§ WHAT THIS TASK INVOLVES:
Reproduce every line of the data, exactly and without its pictures.

§ DATA SECTION:
********************

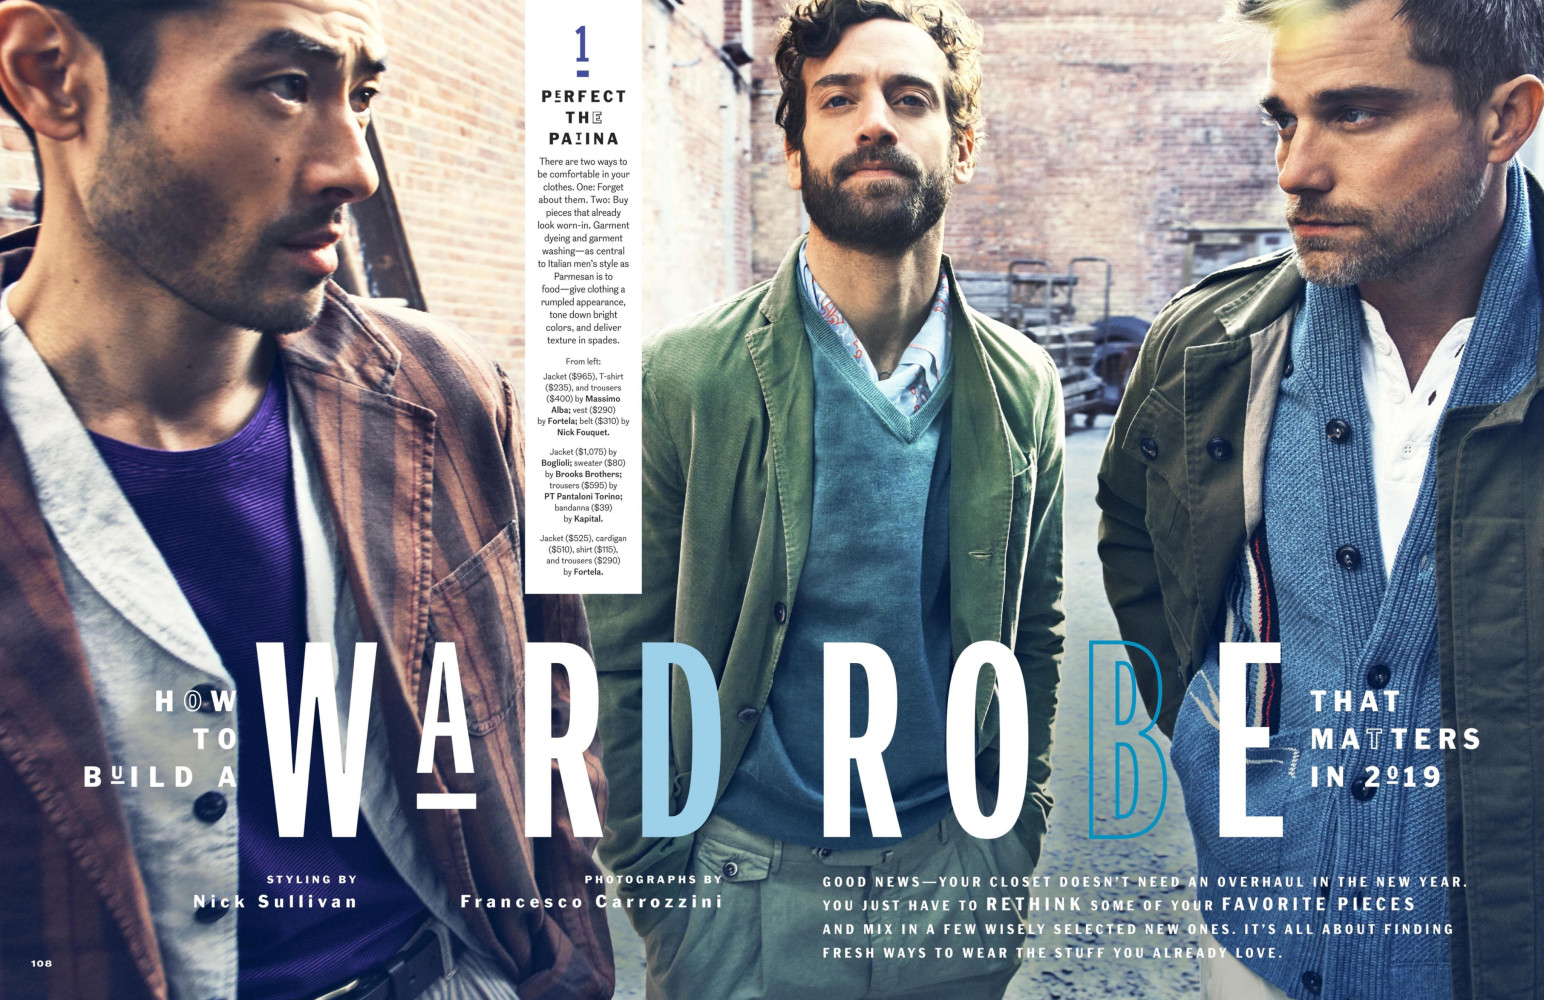 Thom Gwin for Esquire Magazine shot by Francesco Carrozzini
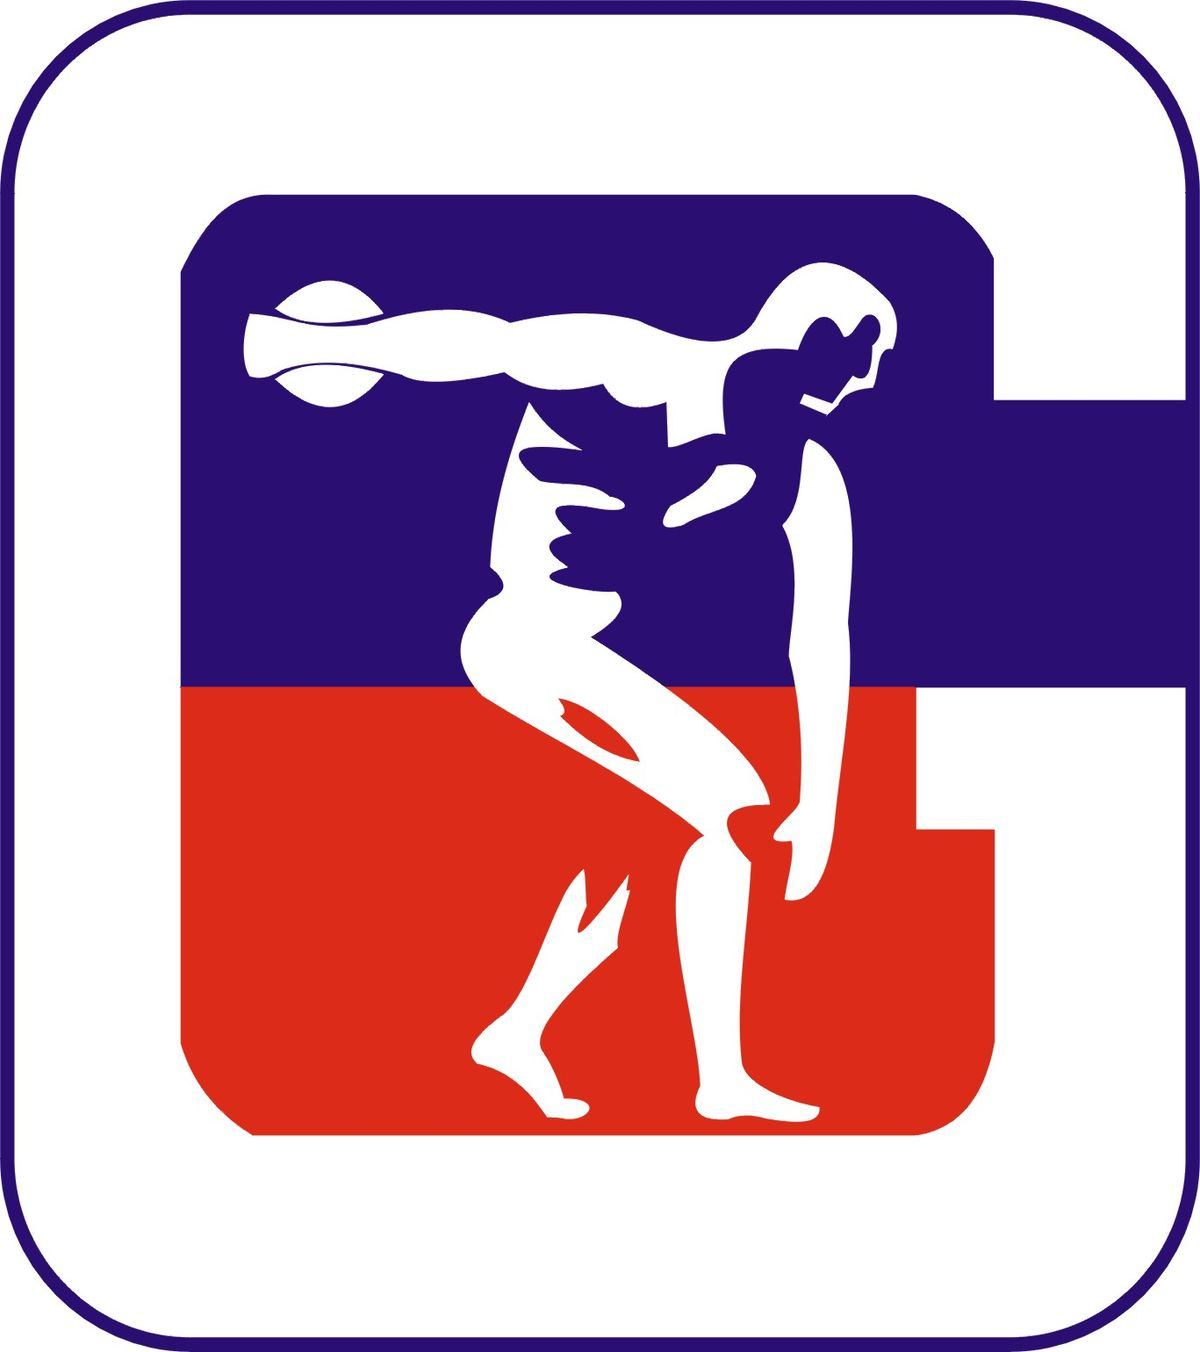 1200x1352 Logo Gymnasium Clipart
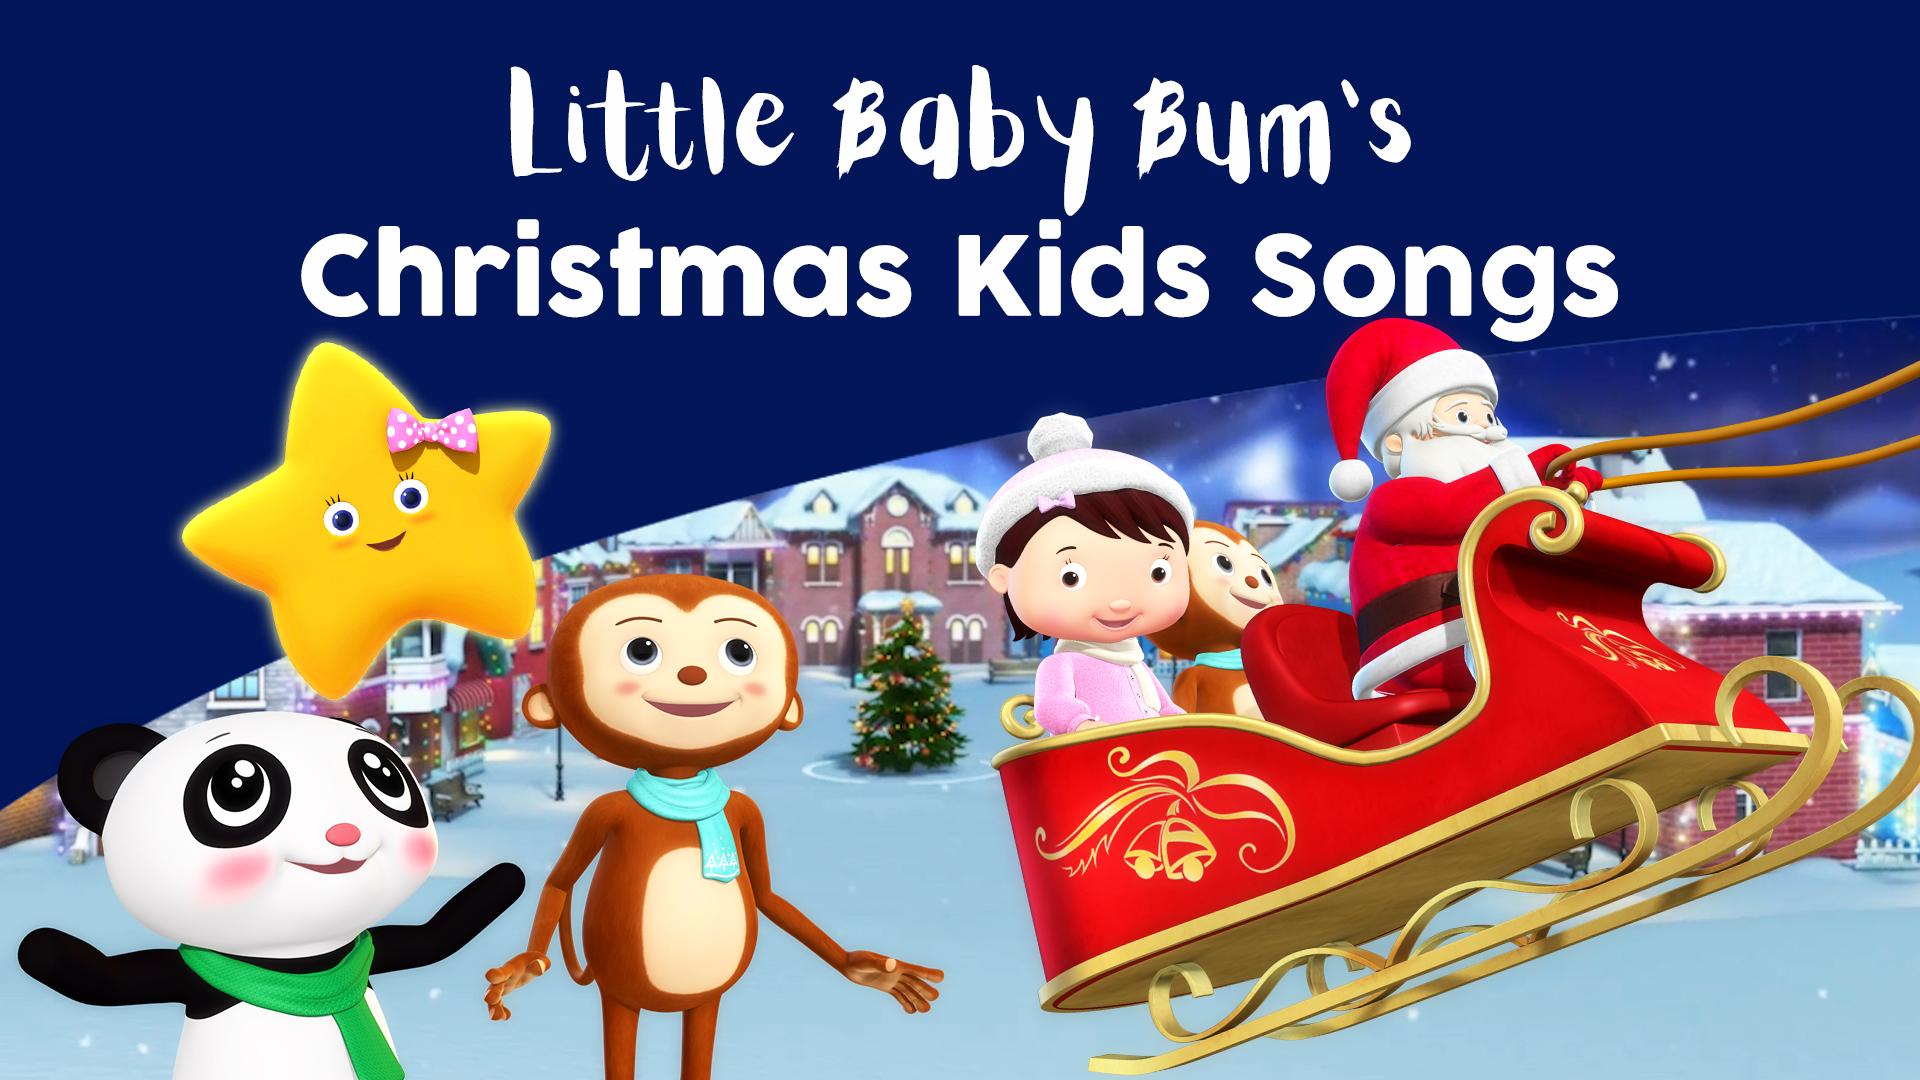 Little Baby Bum's Christmas Kids Songs
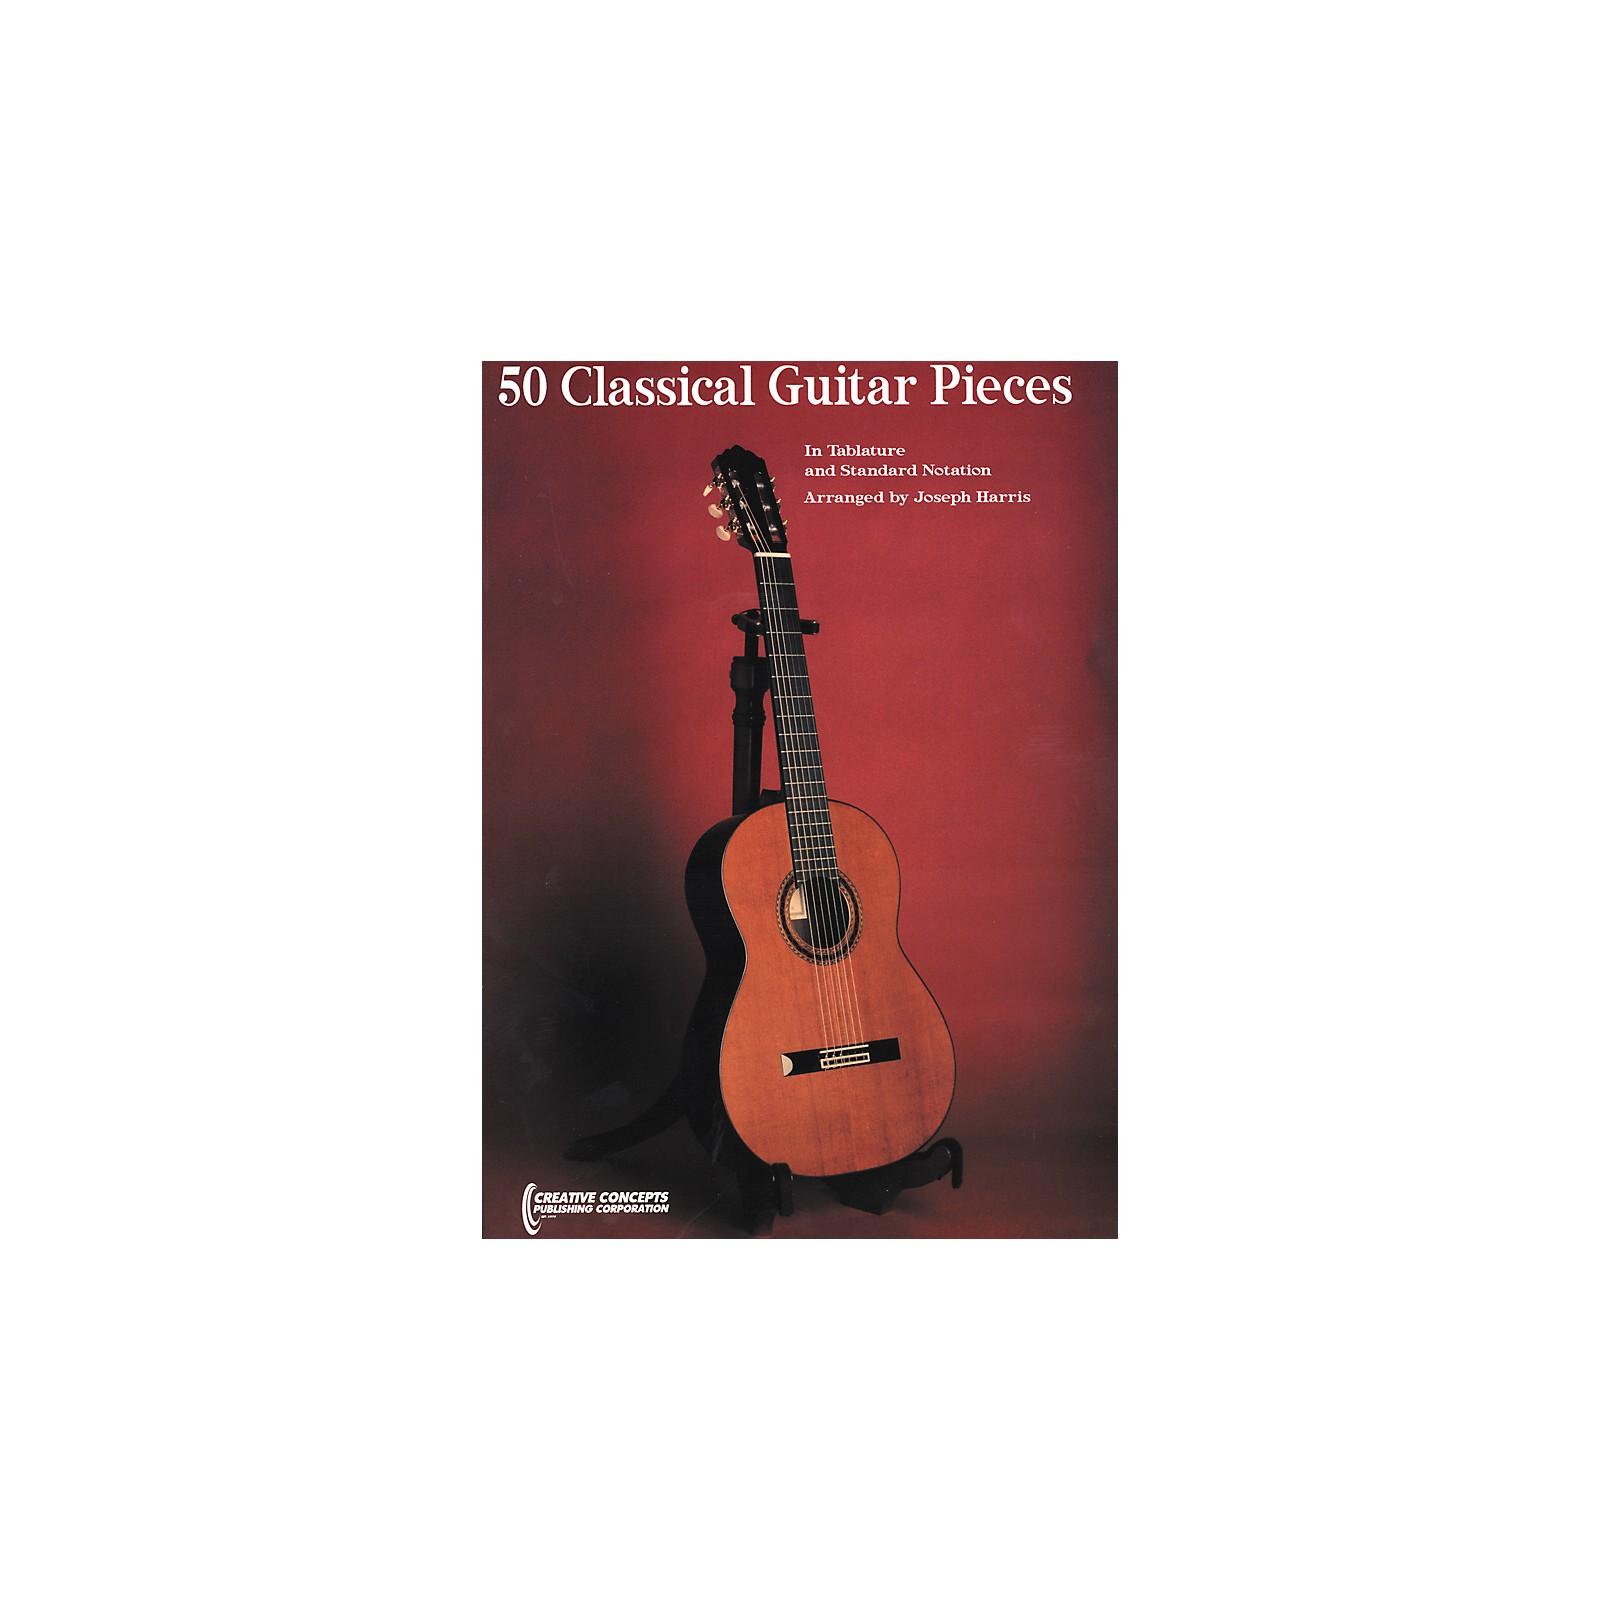 Creative Concepts 50 Classical Guitar Pieces Book

********************

§ TASK SOLUTION:
 Thom Gwin for Esquire Magazine shot by Francesco Carrozzini
 1200x1352 Logo Gymnasium Clipart
 Little Baby Bum's Christmas Kids Songs
 Creative Concepts 50 Classical Guitar Pieces Book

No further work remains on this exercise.